August 14, 2016
I posted this recently – it is tremendously relevant since I’ve recently discovered another curse on the Phillies by Elohim, the All-Powerful One. For those who don’t know, a Philadelphia Athletics team in 1866 secretly paid a Brooklyn player named Lip Pike to play for them in the amateur National Association. he was the original baseball superstar; in July, he hit 6 home runs in a single game. However, at the end of the season, he was disrespectfully released by the team because he was a “foreigner.” That wasn’t because he was Jewish; it was because he was from Brooklyn. So, because the top Philadelphia amateur team treated Lip Pike so badly, the One who promised “I will bless those who bless you; I will curse those who curse you,” to Abraham in Genesis 12, Yahweh placed an 84-year curse on Philadelphia baseball… the Phillies would bear the brunt of that curse. So, 84-years after treating Lip Pike so badly, THAT curse was lifted in September of 1950 – when the Phillies were blessed by beating the Brooklyn Dodgers for the pennant. That wasn’t the only curse the Phillies were under – the “Curse of the Flying Dutchman” was still in effect (from 1897, when the Phillies disrespectfully failed to sign Honus Wagner) until 1980, when the Phillies won their first World Series.
A major sign of a curse being broken is a game that stands out for its unique events. It is a game that stands out in peoples’ minds because it has significance above and beyond just a normal game.
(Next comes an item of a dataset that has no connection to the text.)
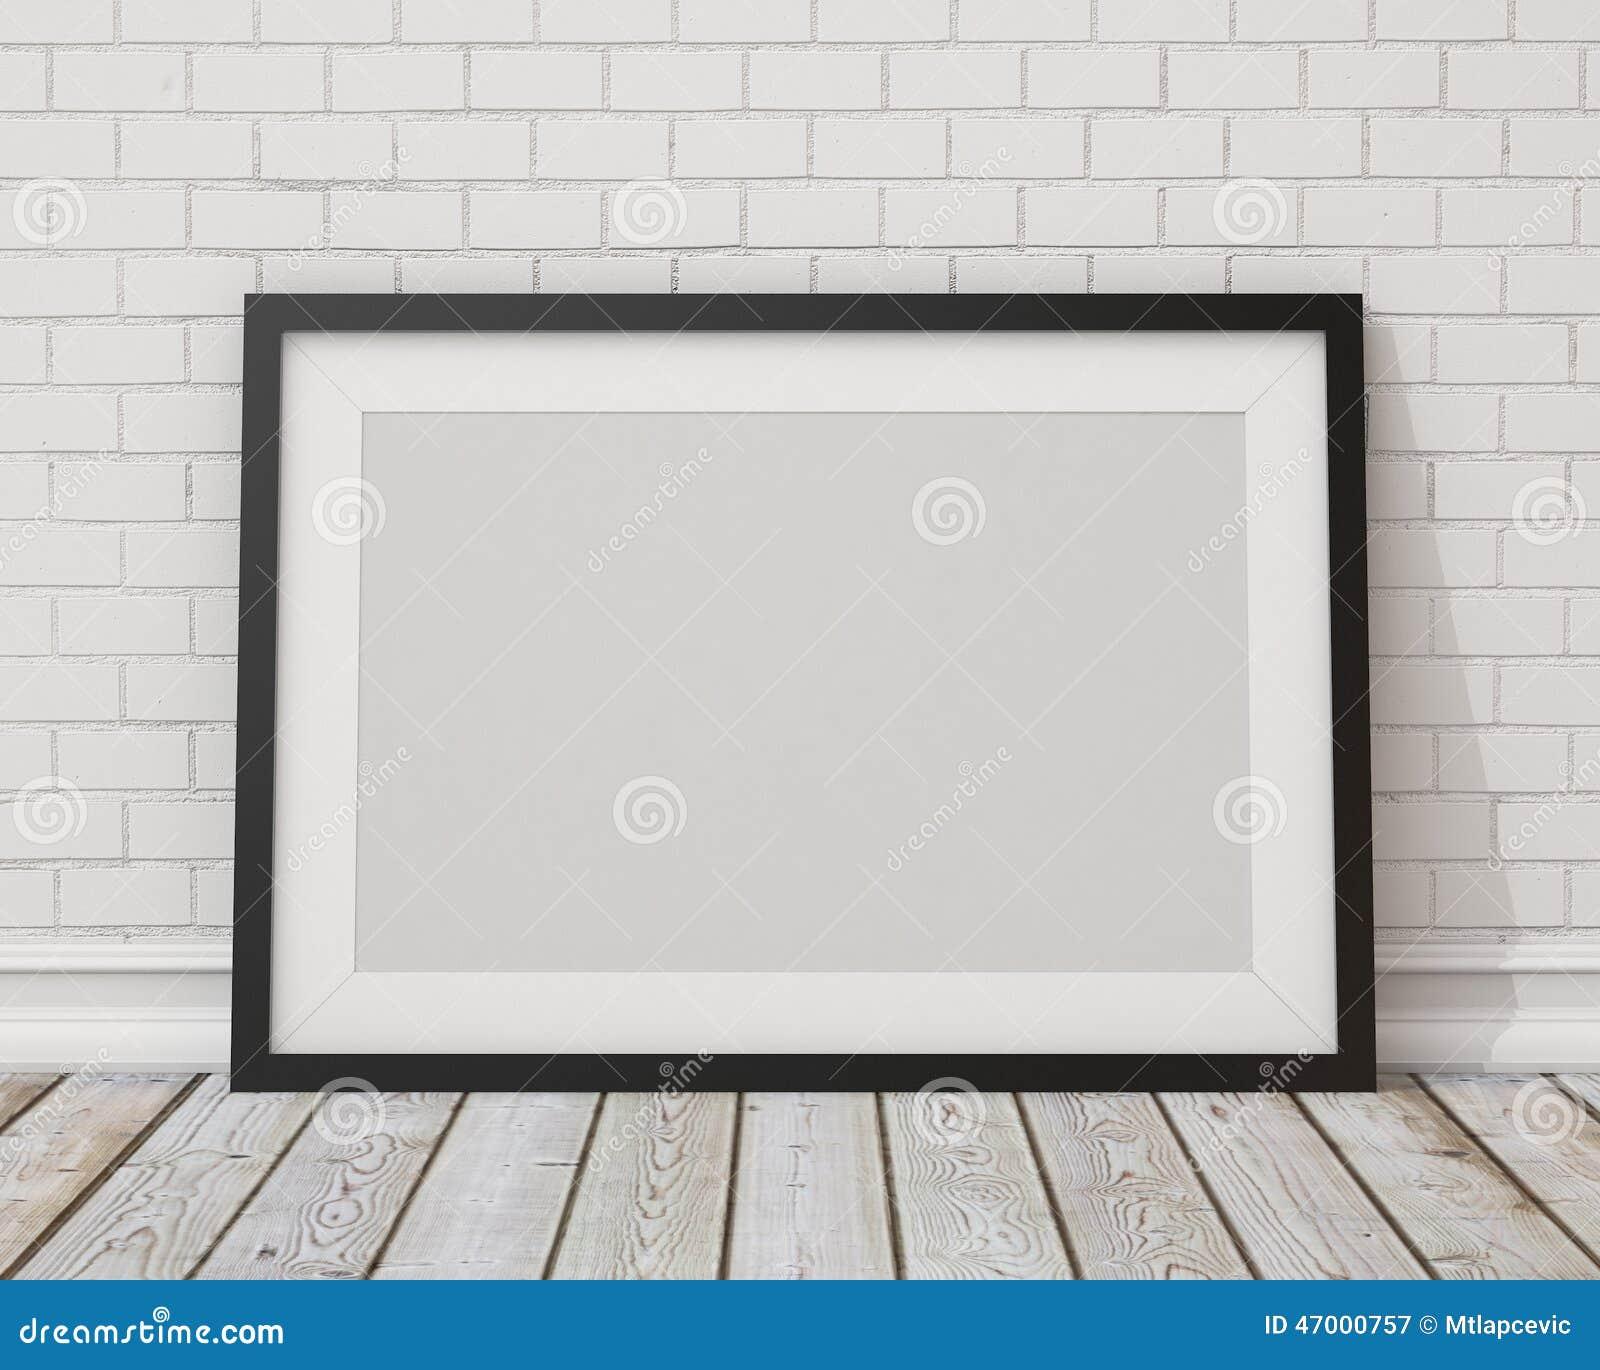 Verspotten Sie herauf leeren schwarzen horizontalen Bilderrahmen auf der weißen Betonmauer und dem Weinleseboden
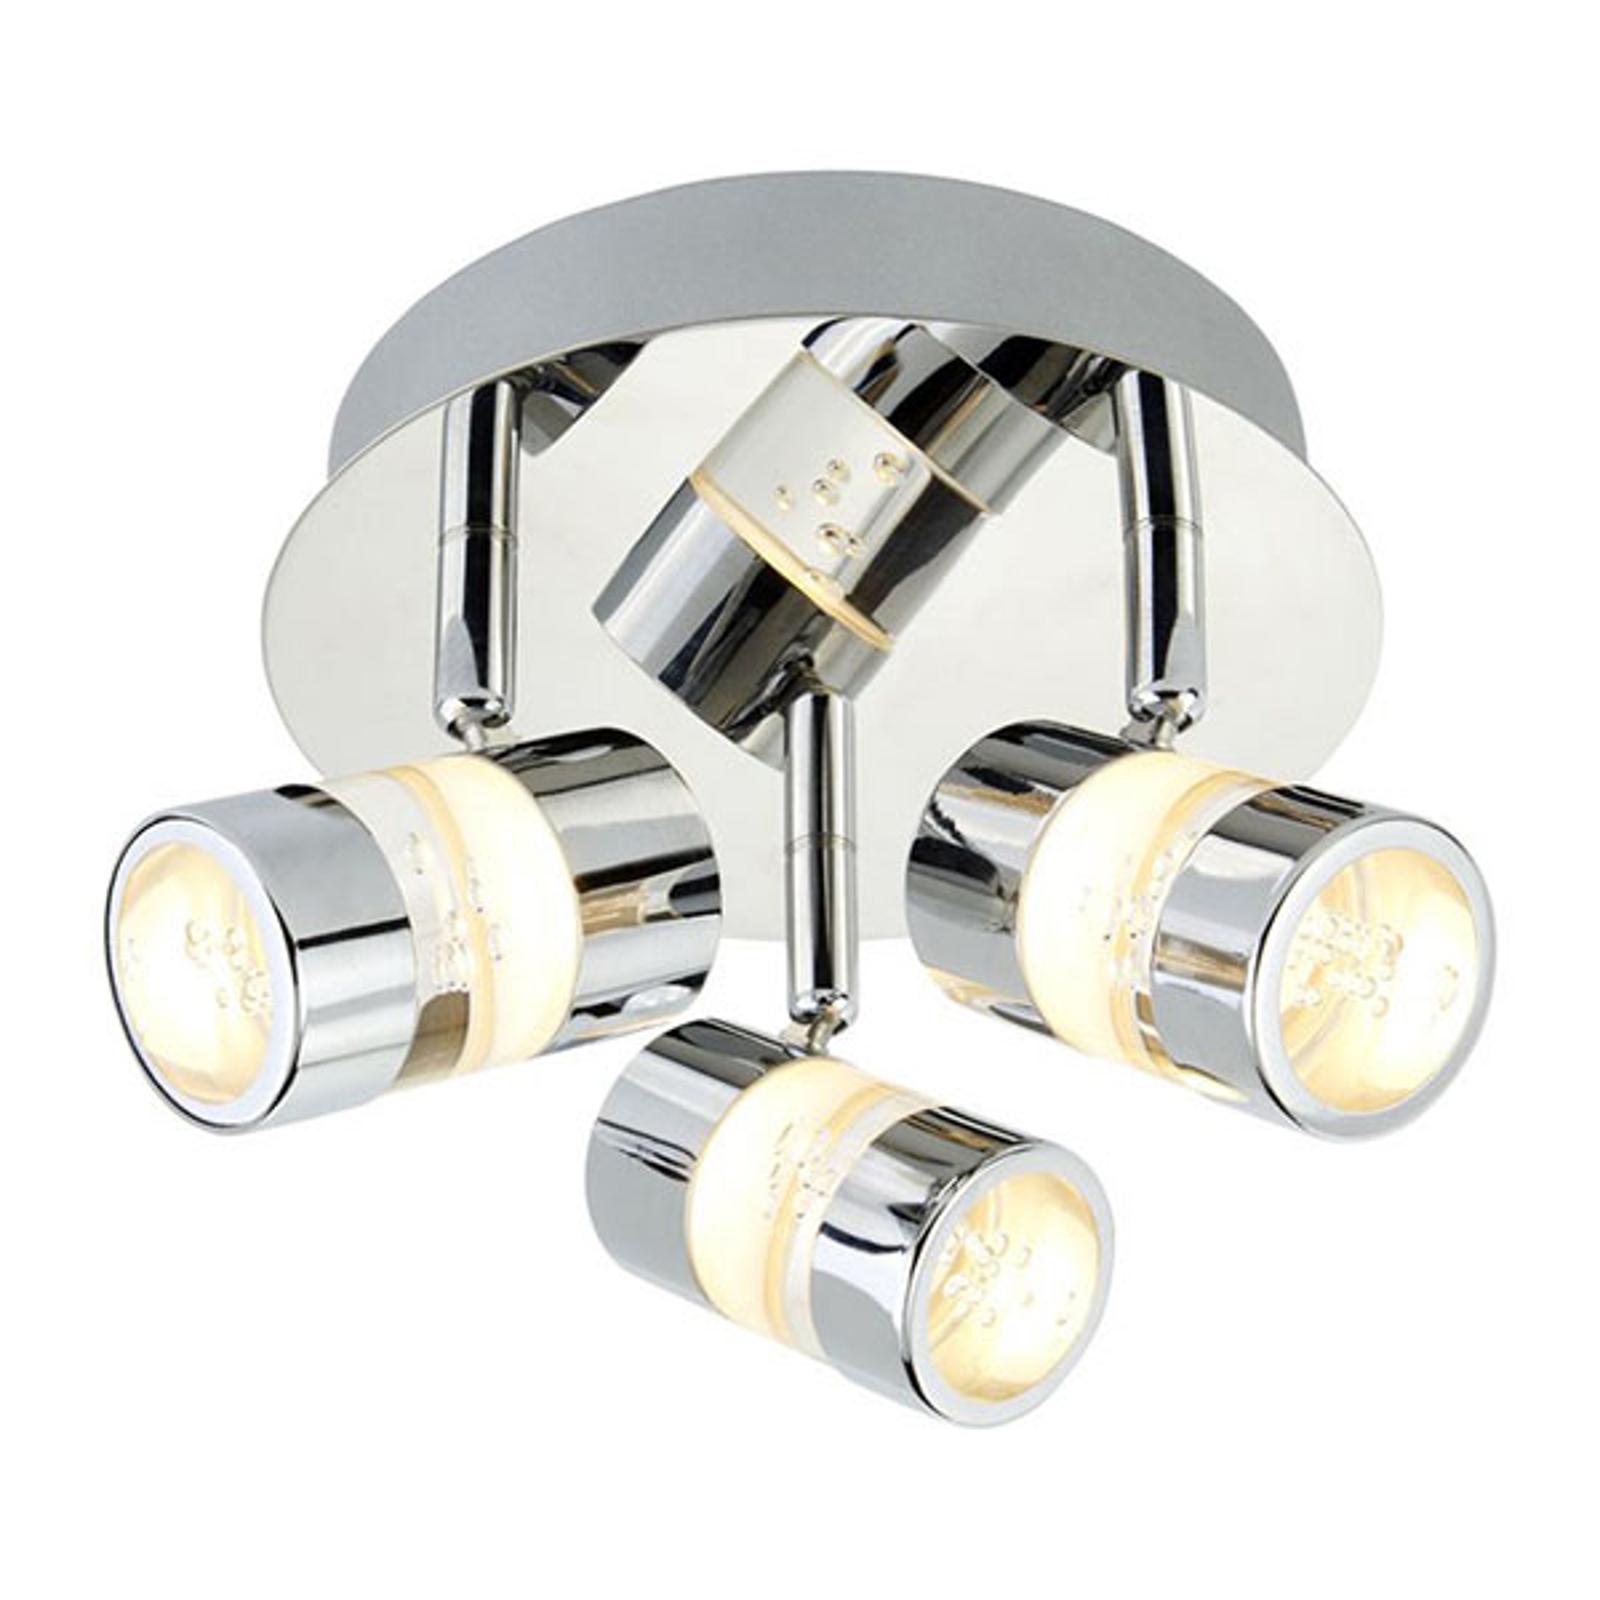 Acquista Plafoniera LED rotonda Bubbles, IP44, 3 luci

Babe Ruth’s Called Shot Game in the 1932 World Series is such a game… so is the 1951 “Shot Heard Round the World” Bobby Thomson Game… so is the “Curse of the Boone-bino” Aaron Boone home run game in 2003… so is the “Steve Bartman” Cubs defeat in 2003… The Phillies-Dodgers game in 1950 that was for the pennant was full of quirks and oddities – the sign of a significant change… like an 84-year curse on the Phillies having been lifted. Don’t believe me – look at Vin Scully’s description of the game from an article about him last year. He, who has been announcing Dodgers games from 1950 to today, remembers that game vividly. Why? Yes, it was his first year… but that games details are etched in my memory, too, as a Phillies’ fan, and I wasn’t born until 1956.
One more significant connection to me: I know a lot about the details of that game from historical accounts, but also from an eye-witness who was there – my dad, Mike Scotto was there, cheering on his beloved hometown Dodgers. He was in the stands, not far from where Dick Sisler’s home run landed.
Vin Scully and the Phillies
Do you realize how many times Vin Scully’s career as a broadcaster has had SIGNIFICANT intersection with the Philadelphia Phillies? It’s astonishing! Look at these two articles, as a foundation:
Vin Scully on life and lessons from his rookie year with the 1950 Dodgers
By David Halberstam
Posted: Monday July 20, 2015
Despite boasting seven All-Stars in catcher Roy Campanella, first baseman Gil Hodges, second baseman Jackie Robinson, shortstop Pee Wee Reese, centerfielder Duke Snider and pitchers Don Newcombe and Preacher Roe, the Dodgers were in fourth place as late as mid-August before ripping off a 10-game winning streak that carried Brooklyn into second, four games behind the Phillies, a young team known as the Whiz Kids. The Dodgers fell back to nine games behind entering play on Sept. 19 but then went 12-3 to climb within two games of Philadelphia, which came to Ebbets Field for the last two games of the season.
Brooklyn won the first game 7-3 and needed only to beat the Philies and their ace Robin Roberts in the season finale on Sunday, Oct. 1 to force a three-game playoff for the pennant.
In the bottom of the sixth, the Dodgers were trailing 1-0 when Reese smacked the ball to deep rightfield. “Reese’s shot bounced on the five inches of the concrete at the base of the screen and just stayed up there,” says Scully, who remembers the game perfectly. “It was the most miraculous home run. The ball sat there at the base of the screen. It was the most unbelievable home run I ever saw. You could see the rightfielder, Del Ennis, plead for it to come down. There was nowhere for it to go. It just stayed there between the edge of the concrete and the base of the screen. There were only five inches up there, if that.”
In the bottom of the ninth with the game tied 1-1, Brooklyn squandered a couple of tasty chances to score the winning run. With first and second and no one out, Snider lined a single to center. Cal Abrams was on second and raced for home. “Instead of hitting the inside of the bag at third, Abrams, a New York kid, rounded third by the way of the coach’s box and he failed to score,” says Scully. “Centerfielder Richie Ashburn threw him out at the plate. Later in the inning, the Dodgers had the bases loaded with one out and Carl Furillo fouled out.”
In the top of the 10th, Dick Sisler’s three run HR won it for the Phillies, who went into their first World Series in 35 years (They lost in four games to the Yankees).